One Christmas when I was a boy, I went to the then-new Southdale
shopping center — nobody had yet coined the term “mall,” though
Southdale was the first — just outside Minneapolis with my mother.
I was waiting on a gallery bench outside a store, when I saw a
young man and a young woman fly into one another’s arms in delight
and surprise. The two of them, college-age and apparently returned
home for the season, had been shopping with their families, and had
evidently not expected to see one another — at least not quite
yet.
There they stood, lovers, their arms around each other, blushing
with delight, while, in the background, their families smiled. By
silent consent, the families melted away, leaving the two alone. I
sat and watched. The young woman displayed that wonderful, fresh,
clean, trim type of beauty the Midwest produces. The man, also
typical, was a rangy, beaky, amiable sort, like a middleweight
wrestler. They lit cigarettes and they smiled and they told each
other stories about their semesters away at college. The restrained
susurrus of holiday Southdale plashed about them, people,
fountains, gentle music.
The world was a lot nicer when everybody smoked.
My first editor, Bob Bork, used to arrive at work in the
morning, hang up his baseball cap, and stack two fresh packs of
Viceroys, one on top of the other, next to his telephone. Bob once
read over one of my stories, written when I was fifteen, and
complimented me in terms I’ll never forget: “Ya got the touch,
boy!” Bob could blow the biggest, thickest, heaviest smoke rings
I’ve ever seen. He told about the time he blew one in a bar and it
settled perfectly around a beer bottle. “Do that again!” demanded
the astonished guy on the stool next to him.
There were Jim and Tom MacDonald, two wonderful young men,
brothers, with beautiful bass voices, who sang in our church choir.
At choir practice one Thursday night, Tom said to Jim, “Give me
cigarette and I’ll make it disappear.” Jim gave him one. Tom lit
it. After church, downstairs in the parish hall, the whole
congregation bloomed in the aromas of smoke and coffee, and the
laughter rang out.
My mother’s dear cousin Jean, the best friend a teenaged boy
ever had, used to stump awkwardly around her apartment out by Lake
Minnetonka and make me comfortable while she smoked non-stop and we
listened to her component stereo system good and loud, and talked
about everything. And, in her late forties, my Aunt Lettie fell in
love with a St. Paul cop, a widower, and ended up with the happiest
marriage I have ever seen. Russ, with his white crewcut and square
beefy face, would sit in his favorite chair in the house he had
built and puff on El Producto seconds (two dollars for a box of 50)
while Lettie bustled in and out of the kitchen, beaming at him.

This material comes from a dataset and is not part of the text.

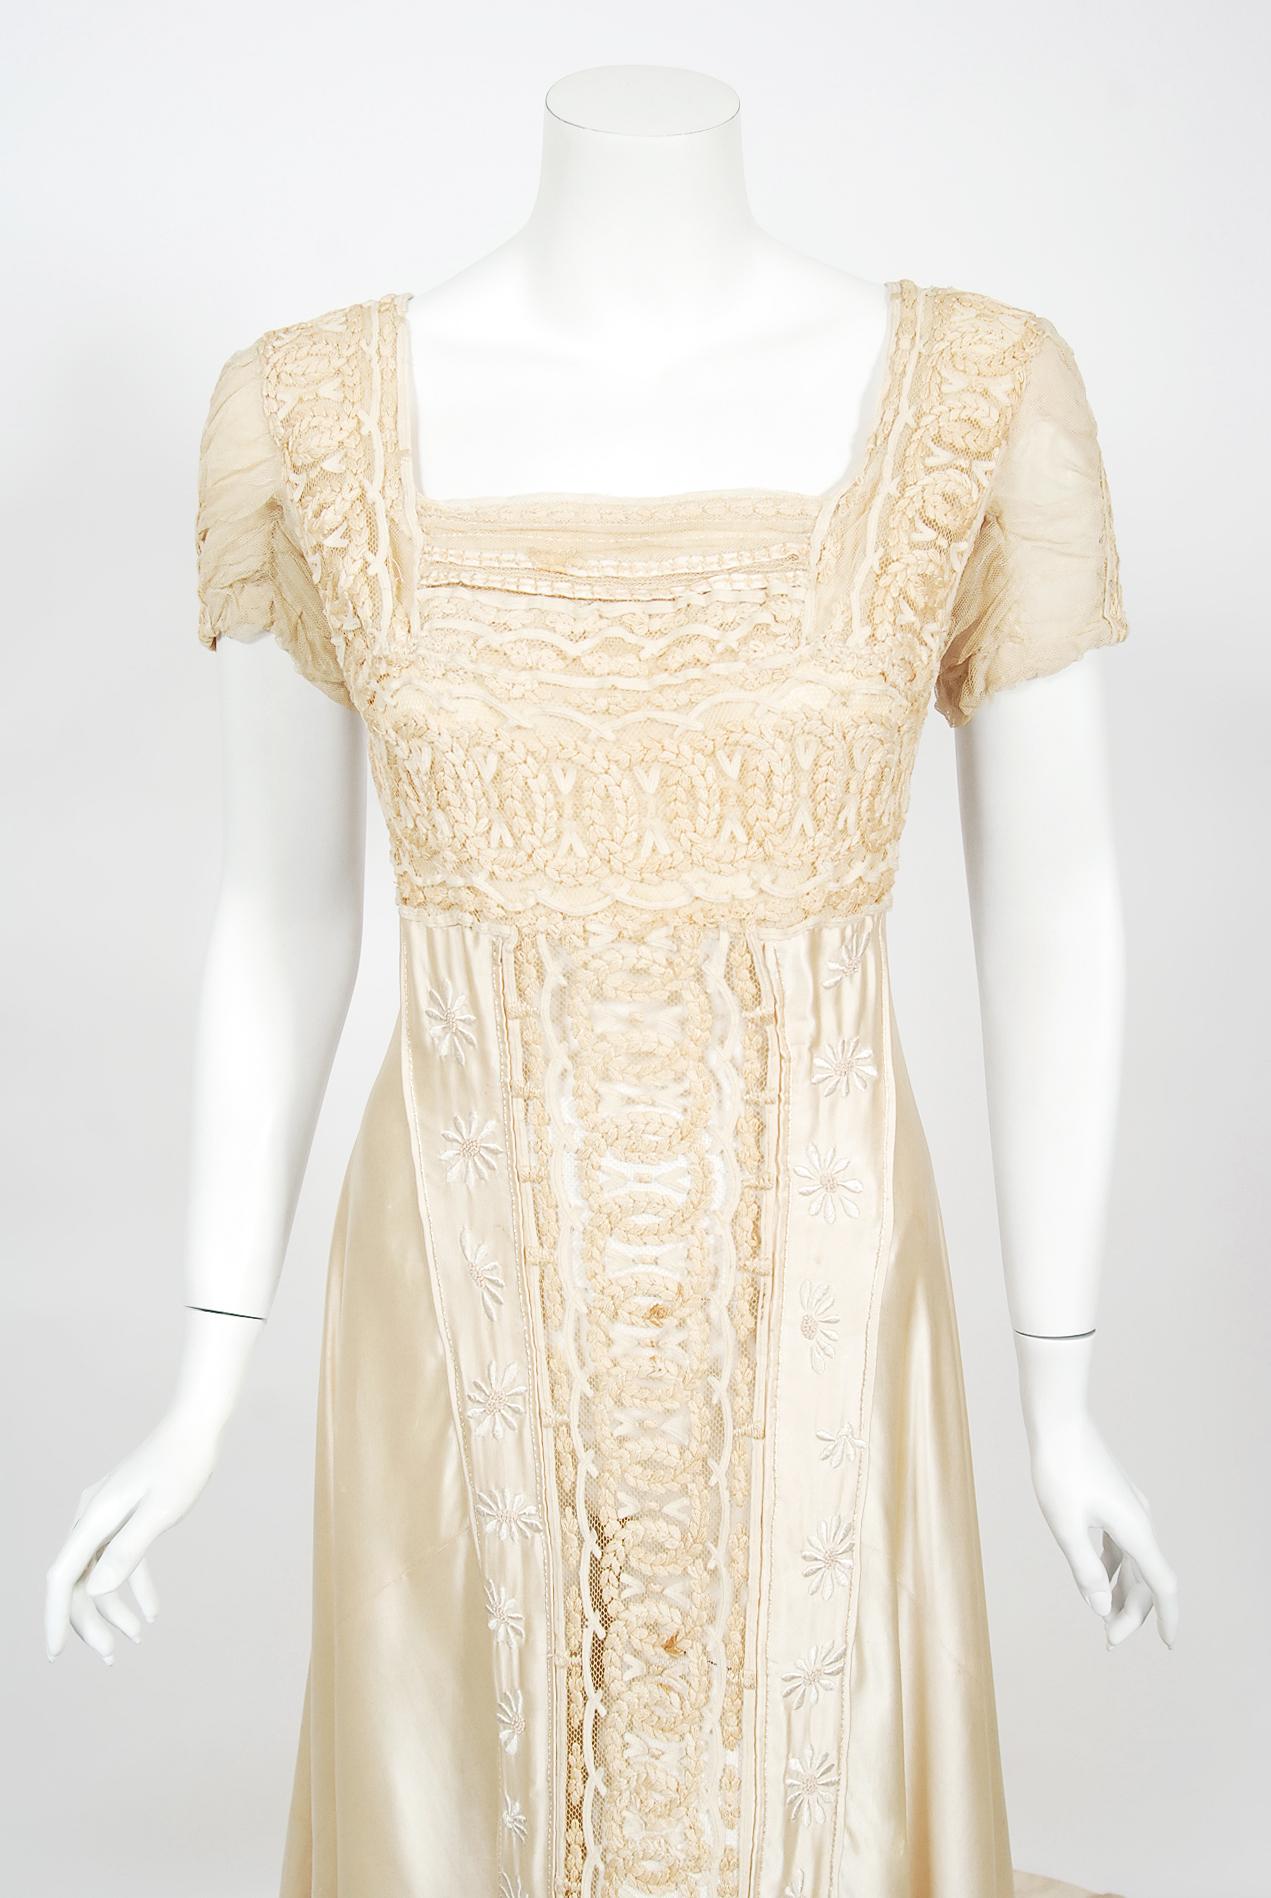 1910s wedding dress

Russ outlived Lettie by more than 20 years, long enough for me to
try one of his cigars. They were terrible.
The world has changed, and it’s a meaner place. Little children
who once would have gathered around a pipe smoker to say, “That
smells good” and “Daddy, why don’t you smoke a pipe?” now point
fingers and say “That stinks!” and “You’re gonna die!” Carrie
Nation and her saloon-busting hatchet are totems of historical
ridicule today. But Carrie Nation’s heirs in the anti-smoking
movement have tapped into all the same wretched excesses of
American culture — bluenosery, totalitarianism, and vandalism.

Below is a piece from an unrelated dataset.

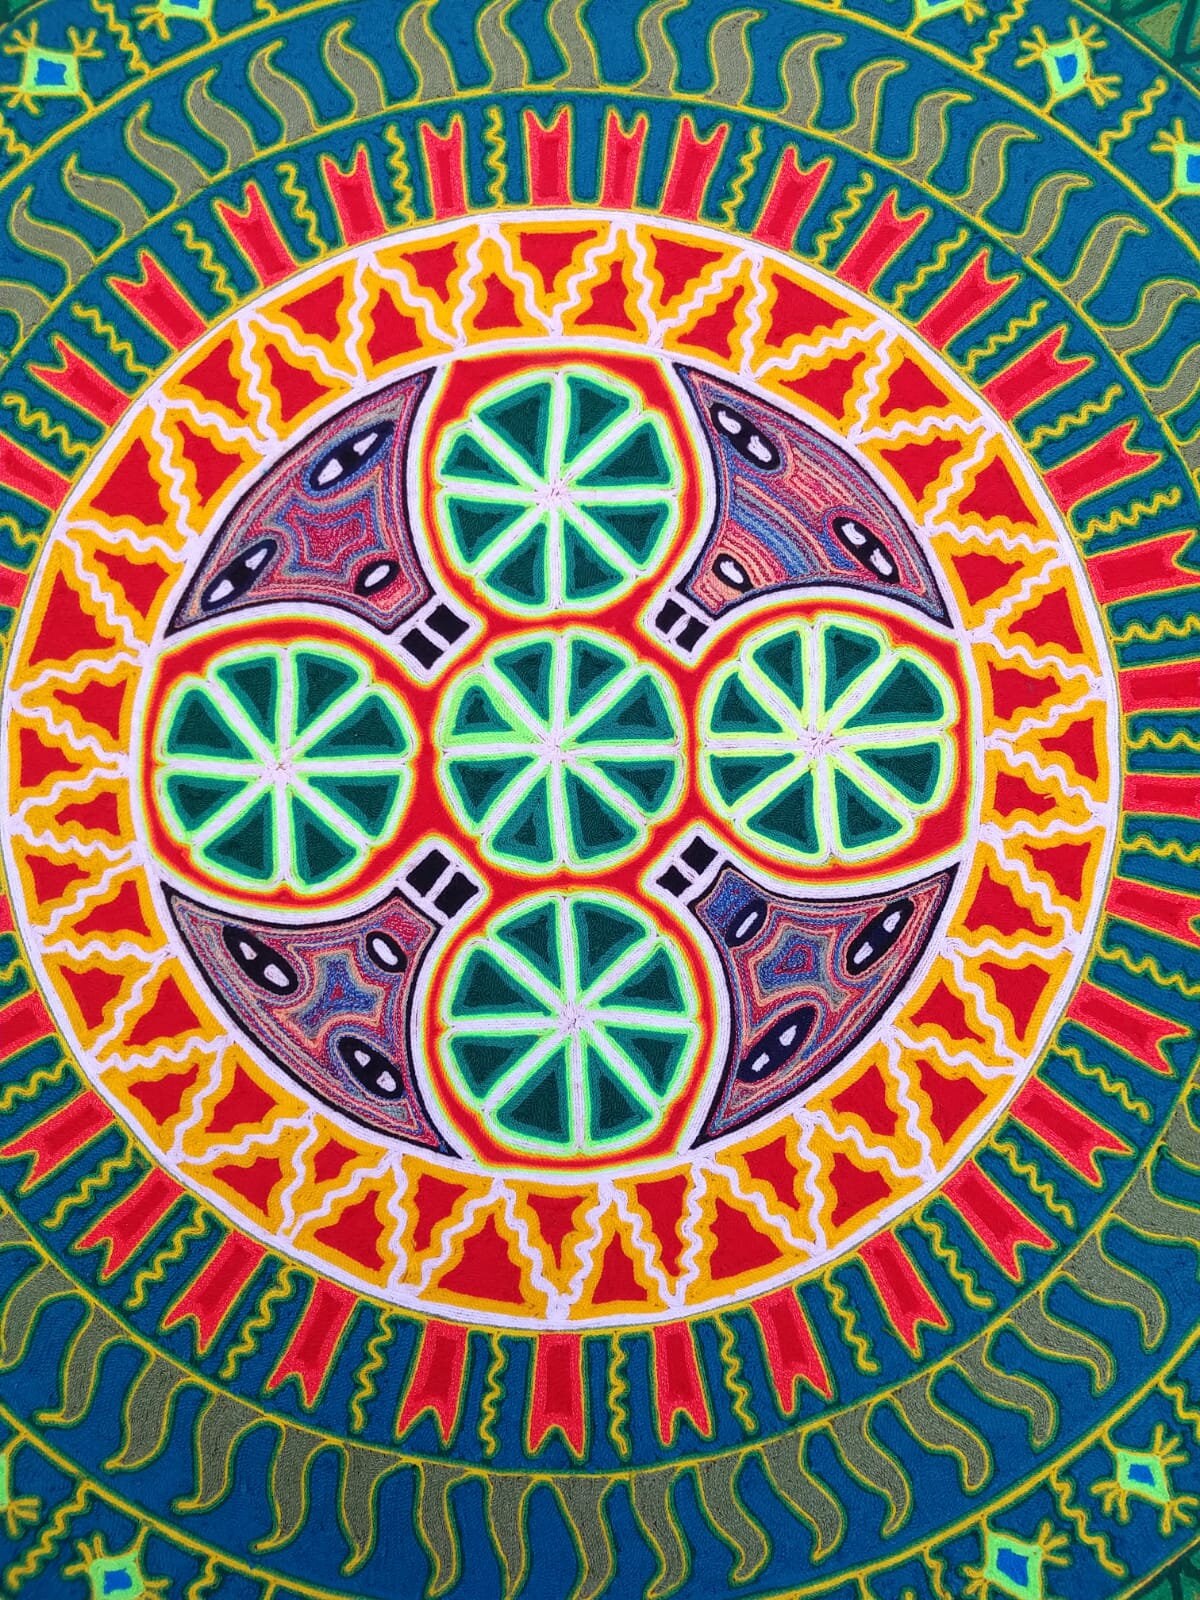 Huichol Yarn Painting Mexican Folk Art by Lourdes Benitez PP3995

There is a difference, of course. Today’s Carrie Nations have used
thirty years of anti-tobacco jihadery to practice the sinister
modern techniques of the Big Lie and the Big Lawsuit.
Along the way, they’ve corrupted science, destroyed objective
journalism, and made the truth nothing more than a commodity.
They’ve demonized tens of millions of people and turned tens of
millions more into preening, self-righteous jerks.
And of course they’re not done. Having practiced and perfected
their techniques, they’re now casting around for new targets. Food
looms as the most likely. But there are others, lots of others.
I would say that George Orwell himself would be challenged to
describe it all. But of course he wouldn’t.